From start to finish, my trip to Malonsaari and back to the boat houses took about 1.5h total. What a wonderful way to spend time in the crisp, clean air and by walking under the shady green fir canopies stretching as far as the eye can see.


Address:  Malonsaari, Imatra.

How to get there: You can get to Malonsaari by car, by bicycle or by public transport.

  • Car: There are two possible areas where cars can be parked.
    • Shortest walking distance: Somerkuja 9-11, Imatra. This has a larger upper carpark area but there is also a few spots downhill close to the lake shore for cars.
    • Longer walk: Hosseinlahdentie 139, Imatra. This is next to a restaurant so the carpark may be fuller.
  • Bicycle: The bicycle routes follow closely to the car route. The cycling route is basically the same road cars use so please take care.
  • Public transport: The best way to get to Imatra is by train or by bus. The travel time on public transport is about 4h from Helsinki. Check out connections via the train Routeplanner or Matkahuolto for buses. You will have to walk about 3.6km from Imatra centre to Malonsaari (45mins).

Accessibility: The island can only be accessed by crossing quite a narrow bridge. The bridge has 5 steps both ways and is only four (4) planks wide (approx. 1.5m).
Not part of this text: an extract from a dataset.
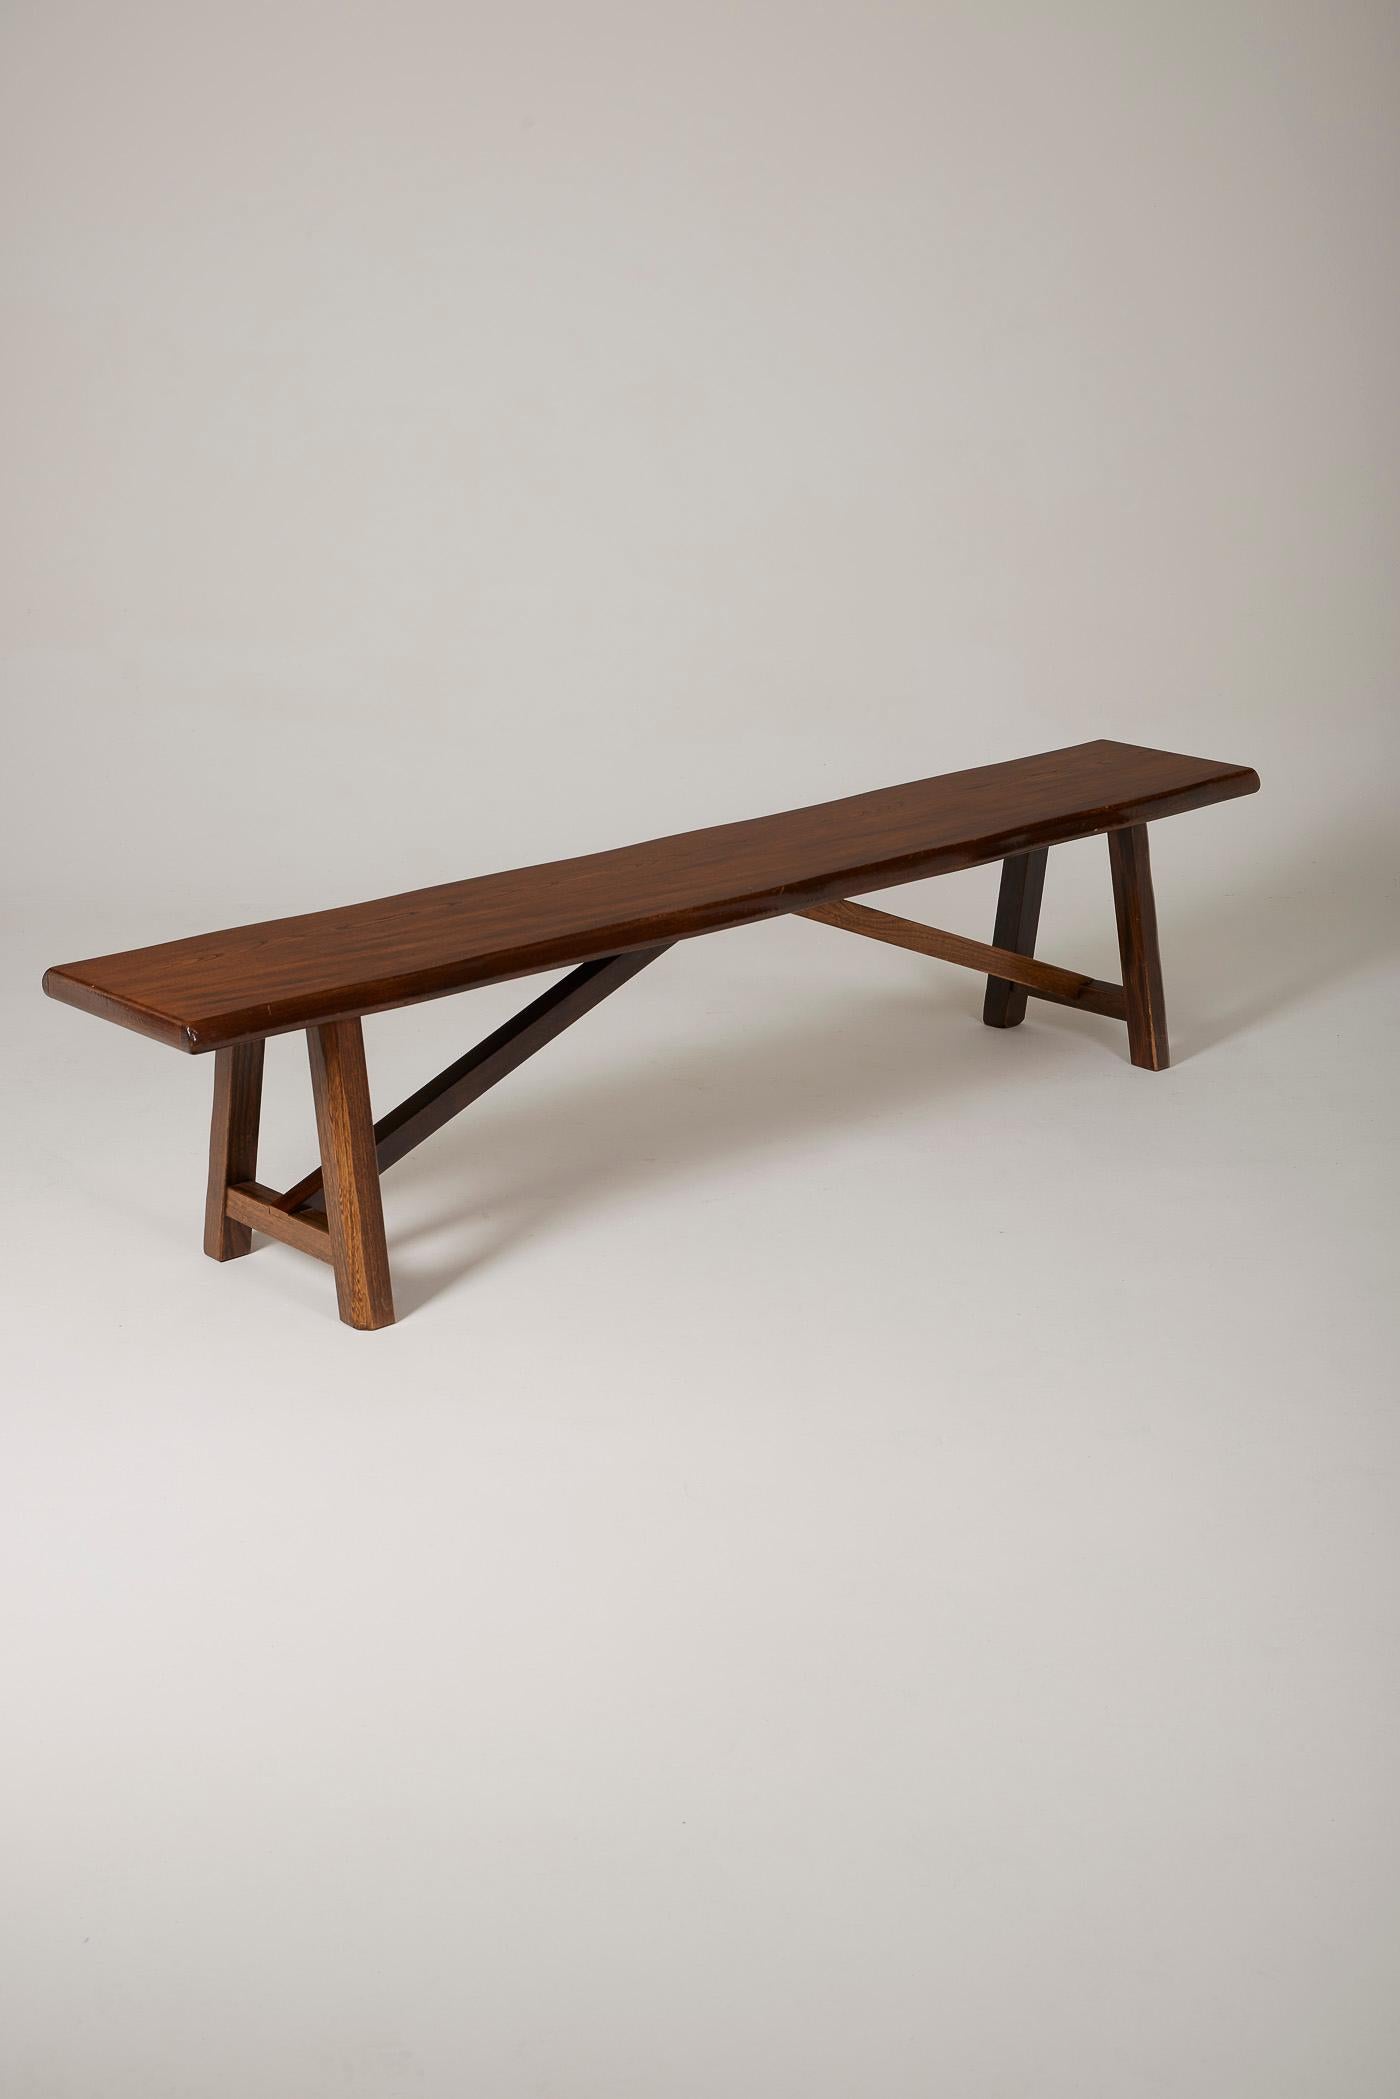 Wood Solid wood bench
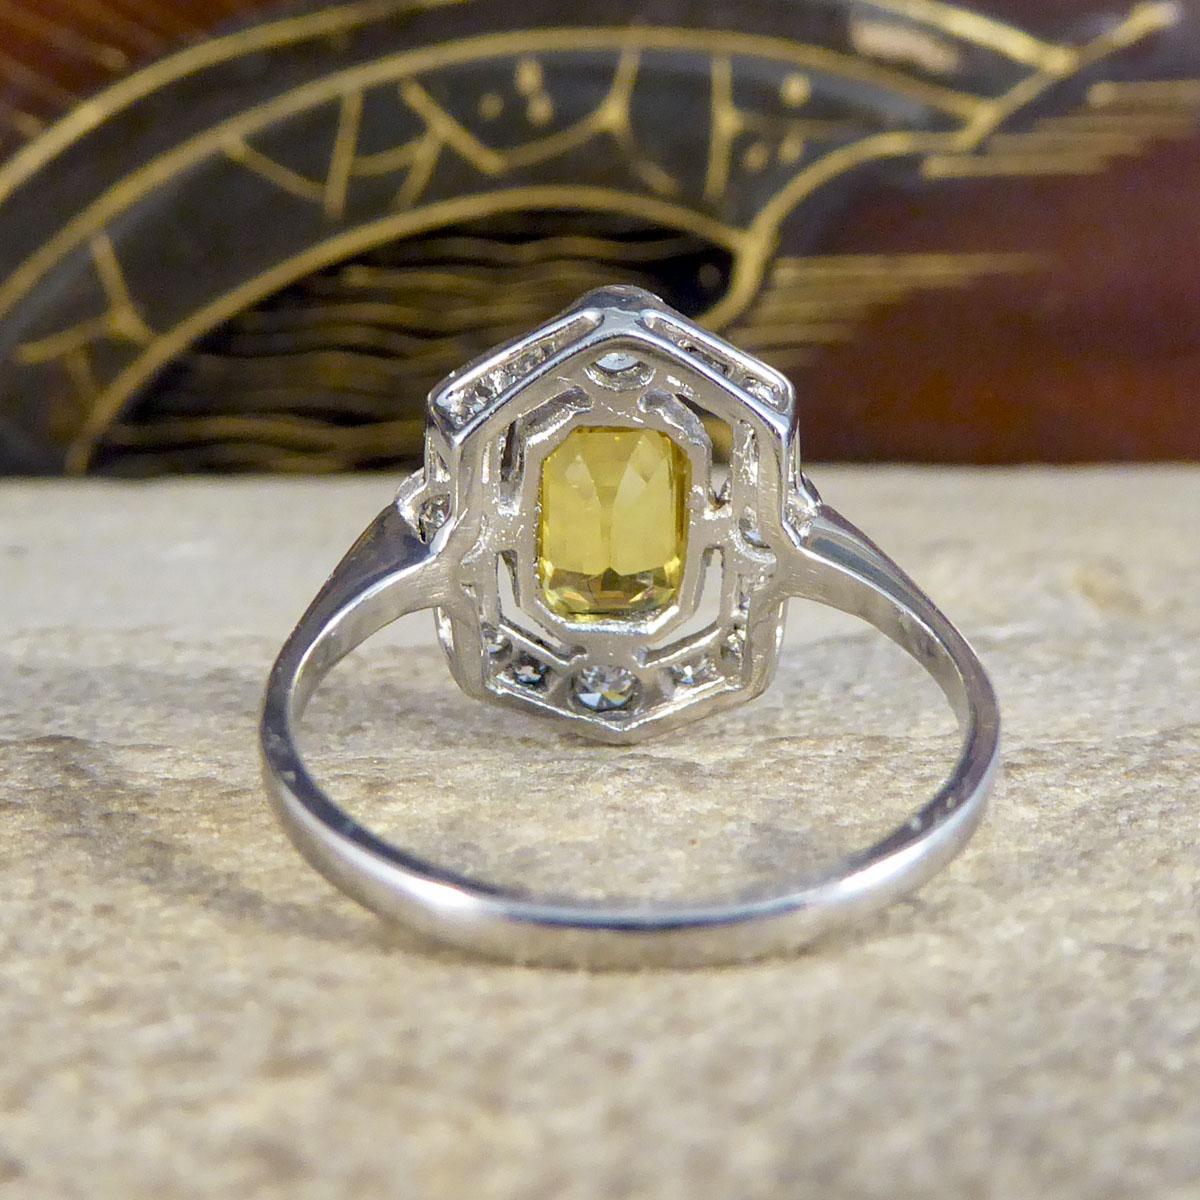 Emerald Cut Art Deco Style 1.25ct Yellow Sapphire and Diamond Halo Ring in Platinum

The island has dedicated trails which are still very rocky at places. Not suitable for wheelchairs, children’s buggies, or those hard of walking.

When to go: You can visit the area at any time of the year. Make sure you are careful because there is no winter upkeep (no snow removal) and a lot of the more tricky rocky areas can be hidden by snow. Also note that there are no lights in the area so make sure you visit the area when there is enough light.

What to wear: Hiking shoes are good but normal sneakers will suffice as long as they have a good grip on them. Mosquito repellent in the summer as there are a lot of mosquitoes.

Facilities: There are no facilities in the area. There is a campfire site on the mainland as well as on the island but they can only be used when there is no forest fire warning on. If you want to make a fire, make sure you bring firewood with you.

Things to experience near by

Since you’re in south eastern Finland, check out the glacial erratic aka the Kummakivi balancing rock, as well as the Luumäki bolt bunker and forts.